I wonder what he thinks would be the problem if something was too sharp?


----------



## ctrav (Aug 18, 2018)

He said the blade would dull faster and require more sharpening, blade would be more prone to knicks which would lead to bad cuts....

I think he was trying to get me to shy away from doing it myself since thats what I told him I was going to do. I just put new blades my ZTR and they were not sharp at all!! Someone said thats just the coating but they still feel dull to me. Oh well I will practice with the original blades and see what happens...


----------



## kaptain_zero (Jun 2, 2018)

The edges on a rotary mower blade CAN be too sharp! It does not cause a problem in mowing immediately as it will cut the grass very nicely, it's just that the edge becomes so weak, it dulls very quickly.

Butter knife sharp is what you are looking for, a sharper edge will just fold over and become excessively blunt in a very short period of time. There are always small pebbles, bits of dirt/grit or twigs and such, that get swirled up in the way of that blade. A razor sharp edge cannot take such abuse and will simply fold or crumble. A broadsword/butter knife edge on the other hand, has some meat behind it, and it will tolerate the abuse for some time. When freshly sharpened, the edge should not be so sharp as to cut paper unless it is rotating at normal mowing speed.
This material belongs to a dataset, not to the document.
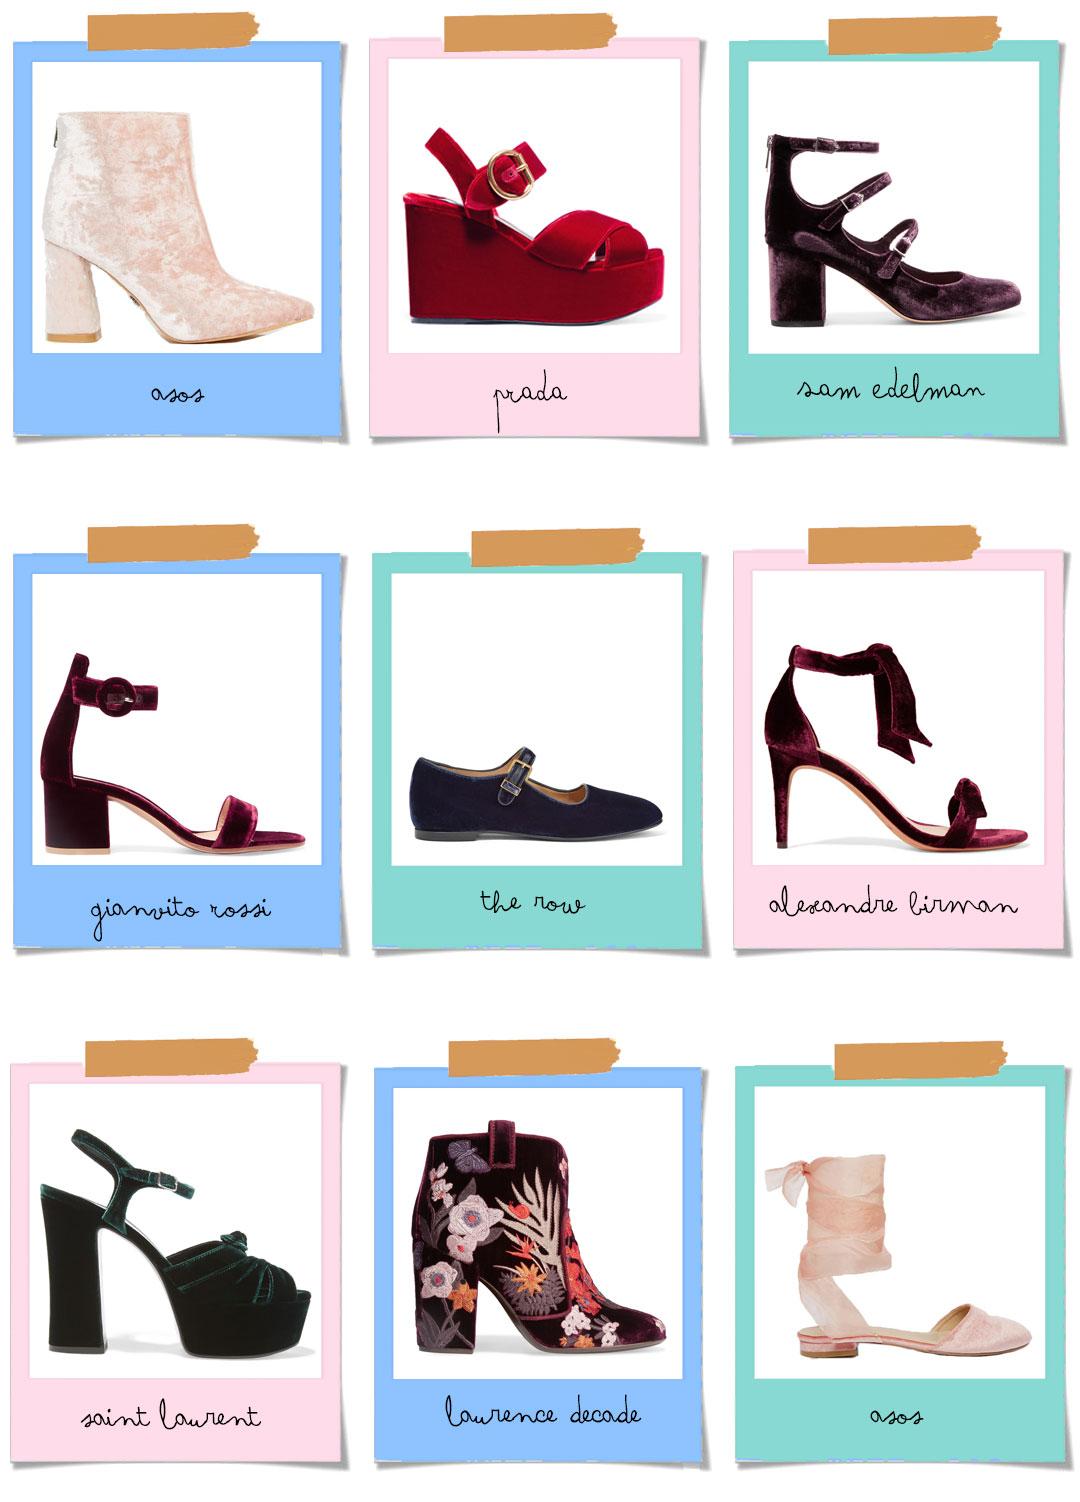 Bonjour Chiara Loves // Trend Alert FW16 Velvet Shoes - www.bonjourchiara.com
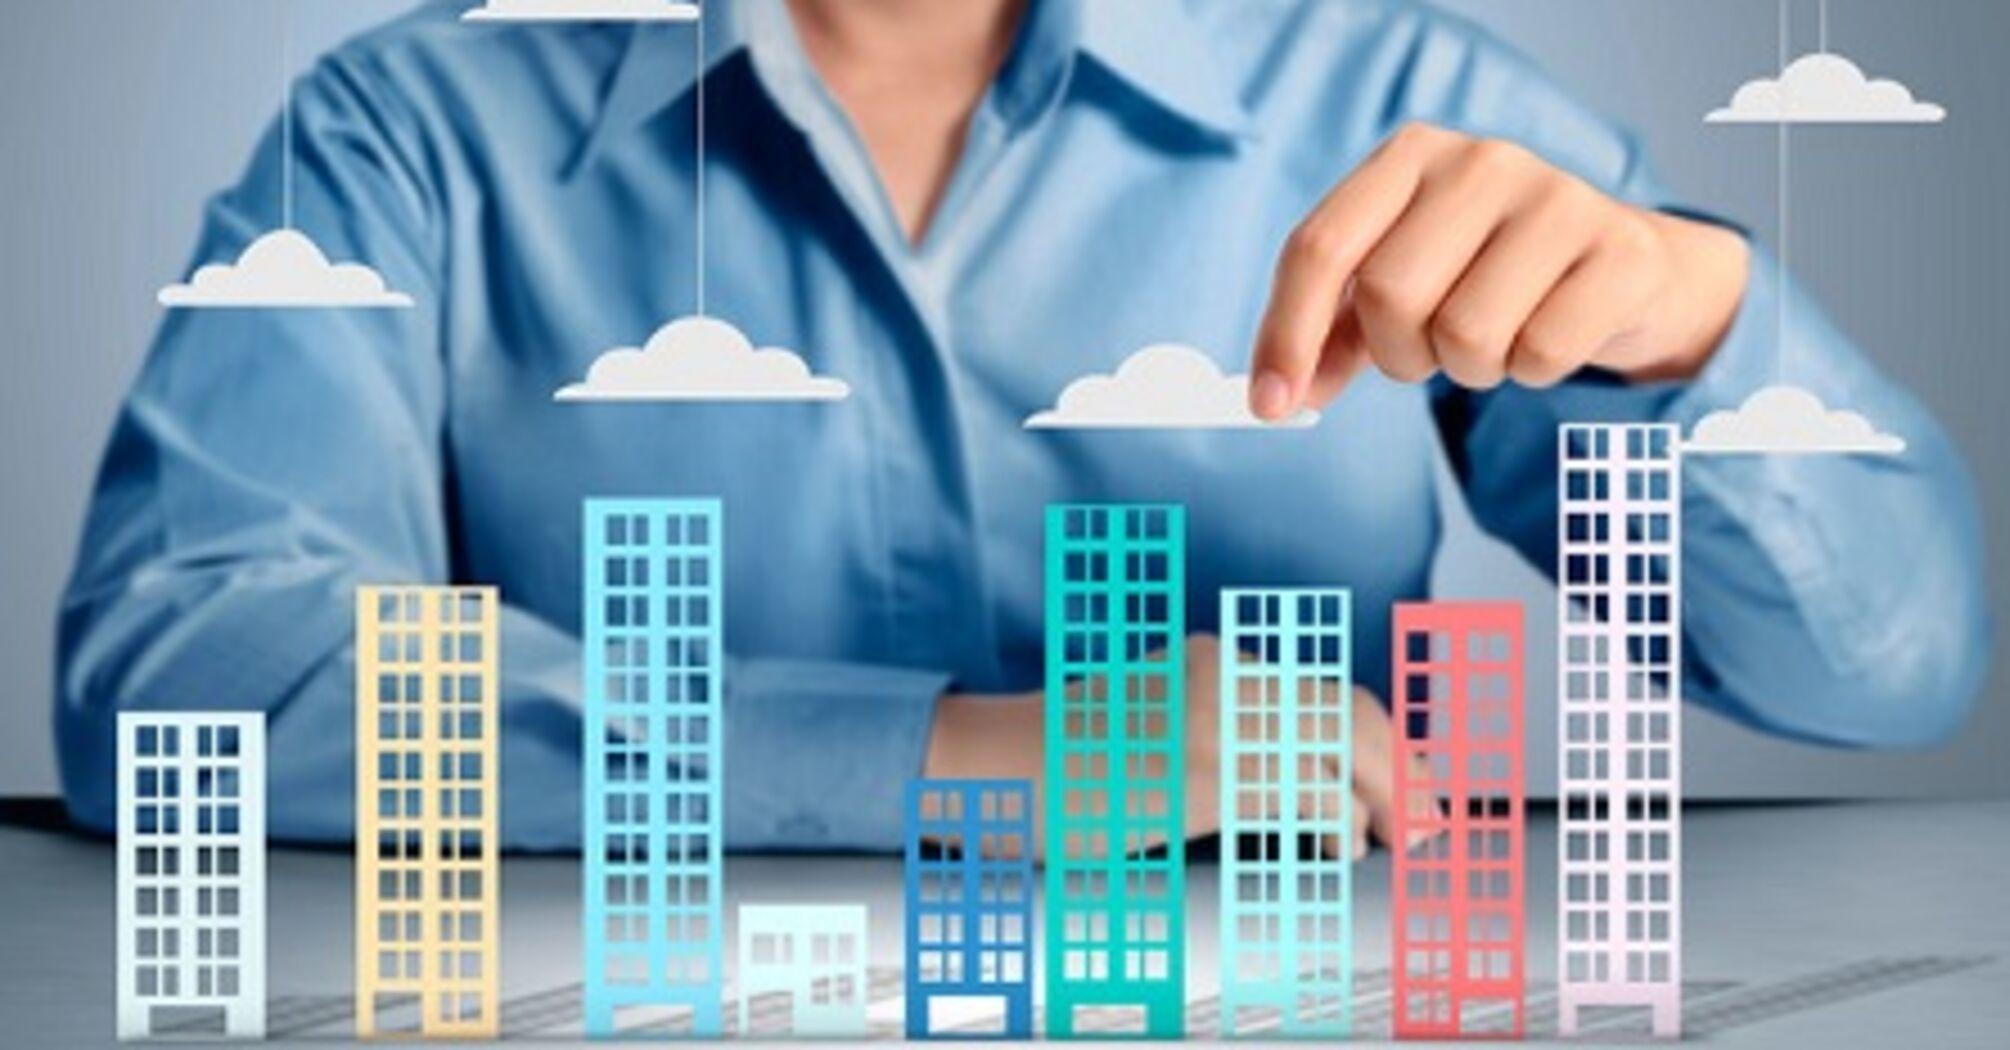 Несмотря на карантин, цены на жилье в Украине выросли

A lead rifle bullet can punch a hole through a hard steel plate, as if it were drilled, because of the speed the bullet is traveling at, not because of the shape of it's point. The same applies to the tip of a rotary blade which comes around 3200 times per minute. The tip is traveling at almost 300 feet per second! Reel mowers are very different. They work like scissors and "clip" the grass blades, so they will be honed to a finer edge. Note that they do not whirl around at high speed, so they don't kick up sand or dirt. And for those of us who had to use a push reel mower as a kid... we know all to well what happens if a twig got caught in the reel.... it just stops dead and you have to remove the twig. We quickly learned to rake up any small twigs first, before mowing! :mrgreen:


----------



## ctrav (Aug 18, 2018)

kaptain_zero said:


> The edges on a rotary mower blade CAN be too sharp! It does not cause a problem in mowing immediately as it will cut the grass very nicely, it's just that the edge becomes so weak, it dulls very quickly.
> 
> Butter knife sharp is what you are looking for, a sharper edge will just fold over and become excessively blunt in a very short period of time. There are always small pebbles, bits of dirt/grit or twigs and such, that get swirled up in the way of that blade. A razor sharp edge cannot take such abuse and will simply fold or crumble. A broadsword/butter knife edge on the other hand, has some meat behind it, and it will tolerate the abuse for some time. When freshly sharpened, the edge should not be so sharp as to cut paper unless it is rotating at normal mowing speed.
> 
> A lead rifle bullet can punch a hole through a hard steel plate, as if it were drilled, because of the speed the bullet is traveling at, not because of the shape of it's point. The same applies to the tip of a rotary blade which comes around 3200 times per minute. The tip is traveling at almost 300 feet per second! Reel mowers are very different. They work like scissors and "clip" the grass blades, so they will be honed to a finer edge. Note that they do not whirl around at high speed, so they don't kick up sand or dirt. And for those of us who had to use a push reel mower as a kid... we know all to well what happens if a twig got caught in the reel.... it just stops dead and you have to remove the twig. We quickly learned to rake up any small twigs first, before mowing! :mrgreen:


Thanks for the feedback - I will practice on my old ZTR blades with the new grinder when it gets in. I did pick up a Gator blade for my push mower just so I can see how it works.


----------